### TASK STATEMENT:
The range runs from the line containing "ice cream van prices" through the last line of the material below; retype it exactly, leaving out the pictures.

### PROVIDED MATERIAL:
=== Begin Enclosure ===
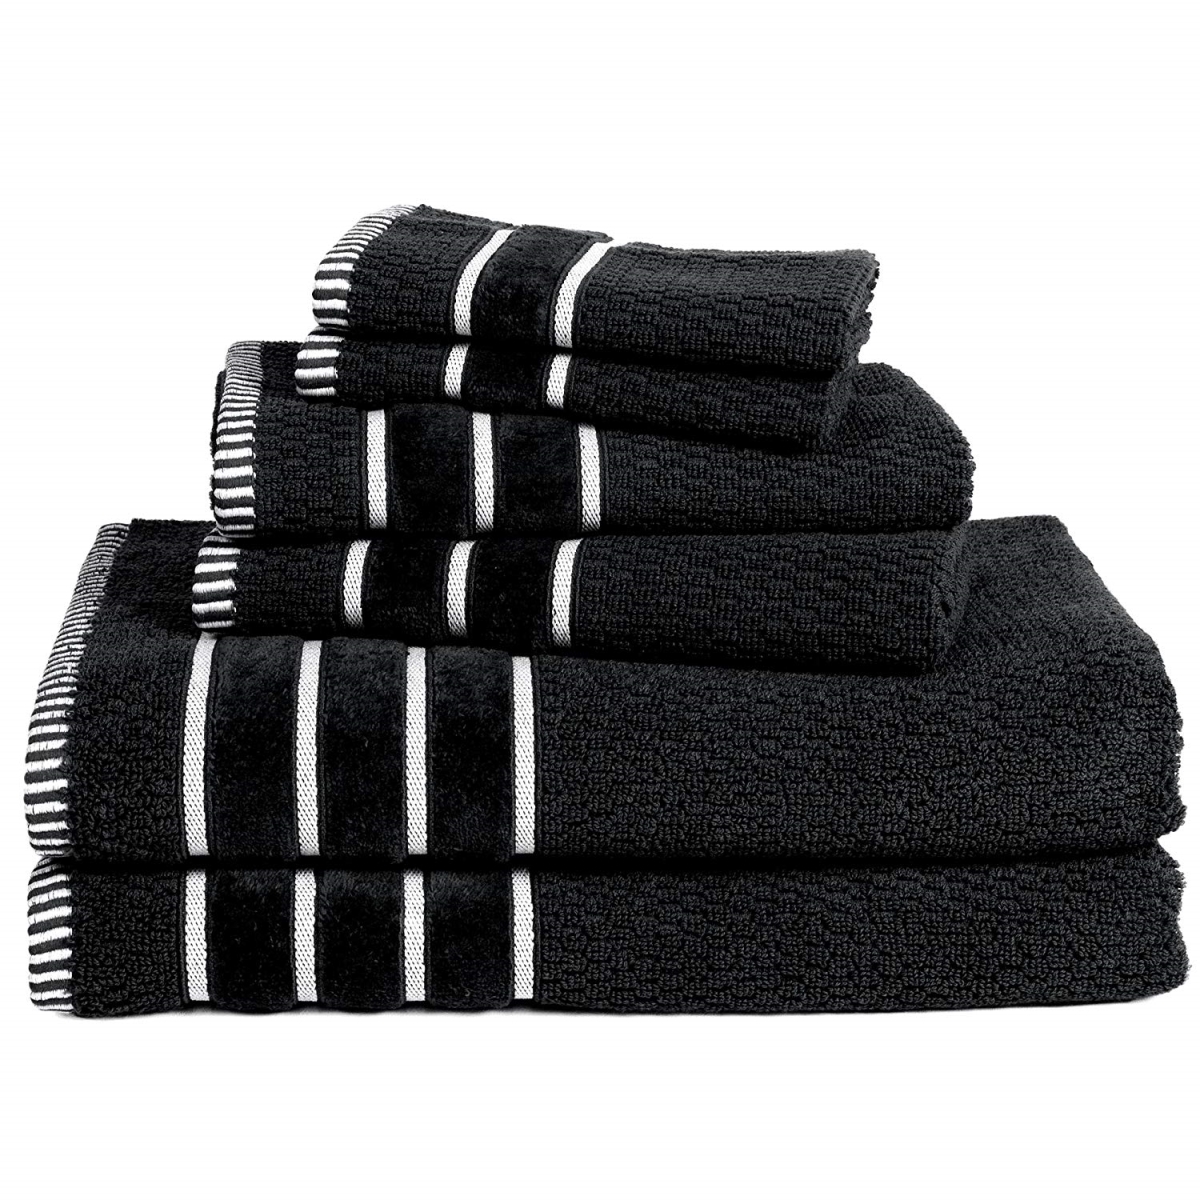 67a-27520 100 Percent Cotton Rice Weave 6 Piece Towel Set - Black
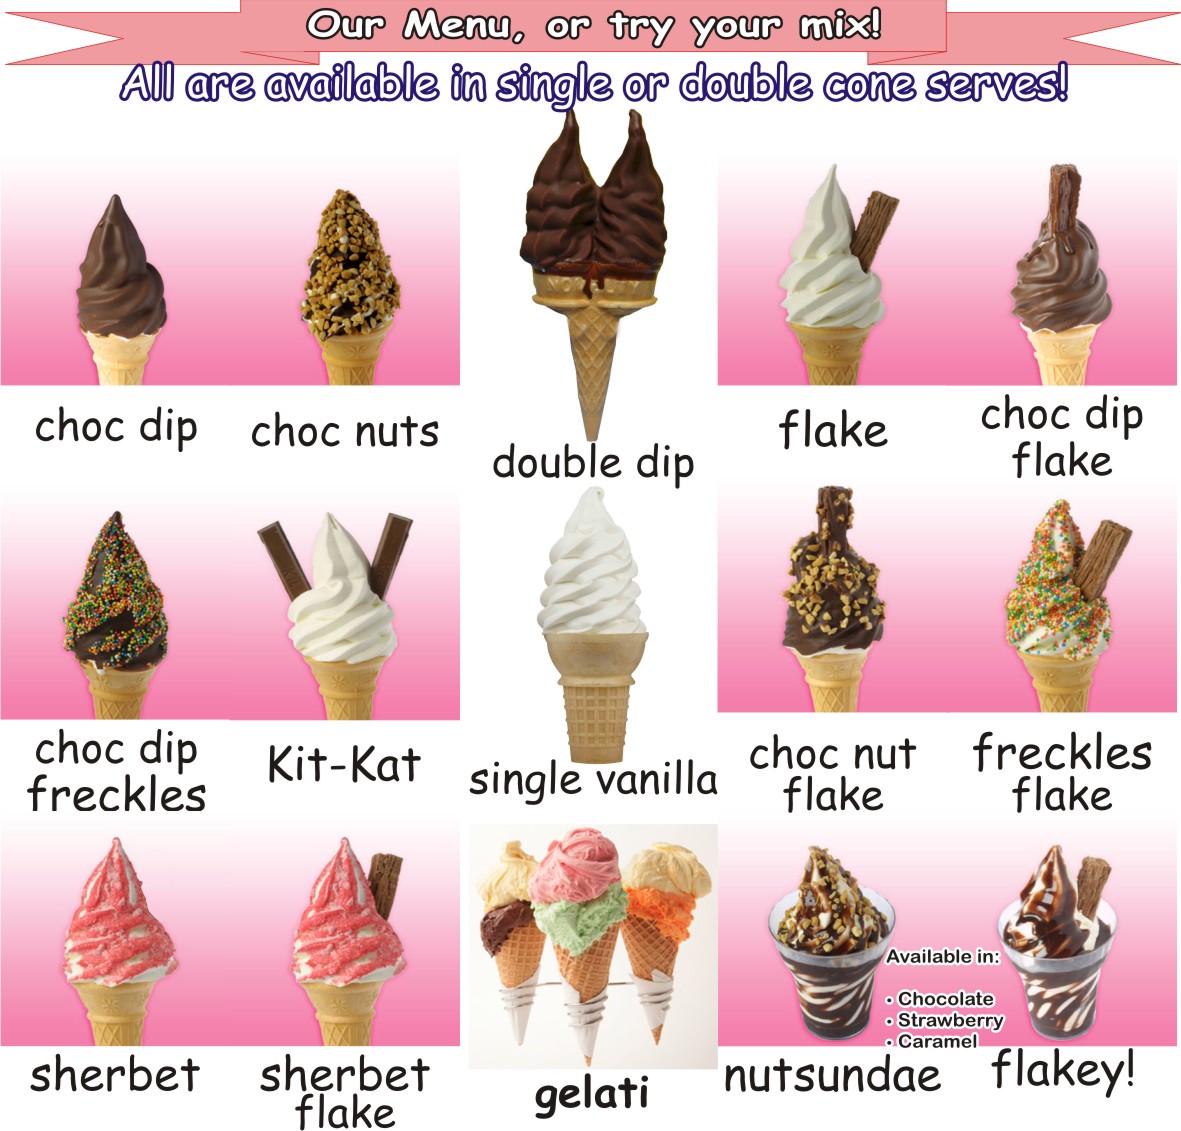 ice cream van prices
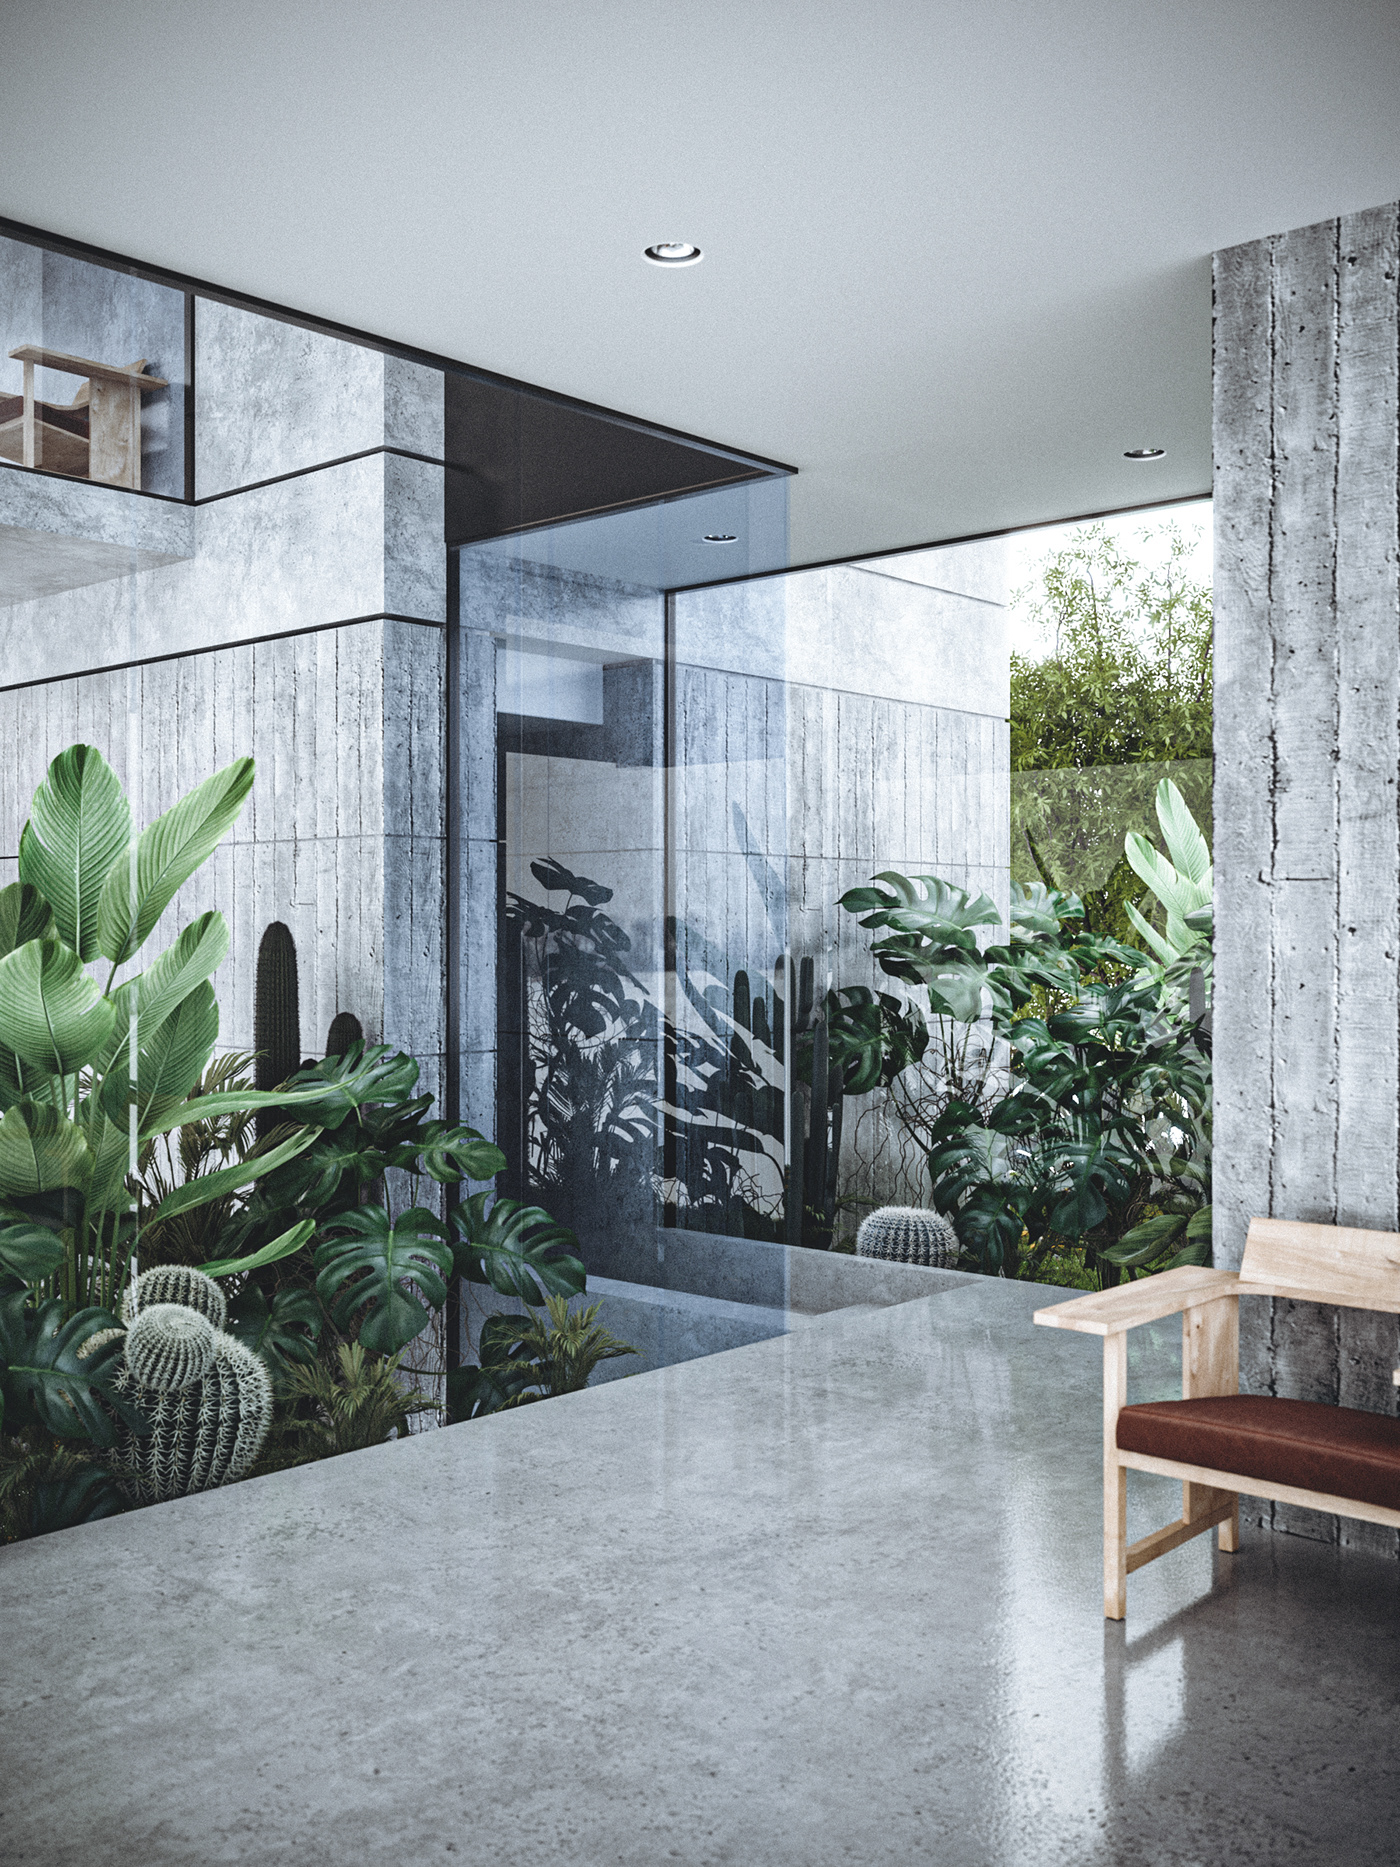 architecture Nature interior design  CGI 3dsmax vray breathing Interior Spaces
=== End Enclosure ===
### RESPONSE AREA:
 ice cream van prices
 architecture Nature interior design  CGI 3dsmax vray breathing Interior Spaces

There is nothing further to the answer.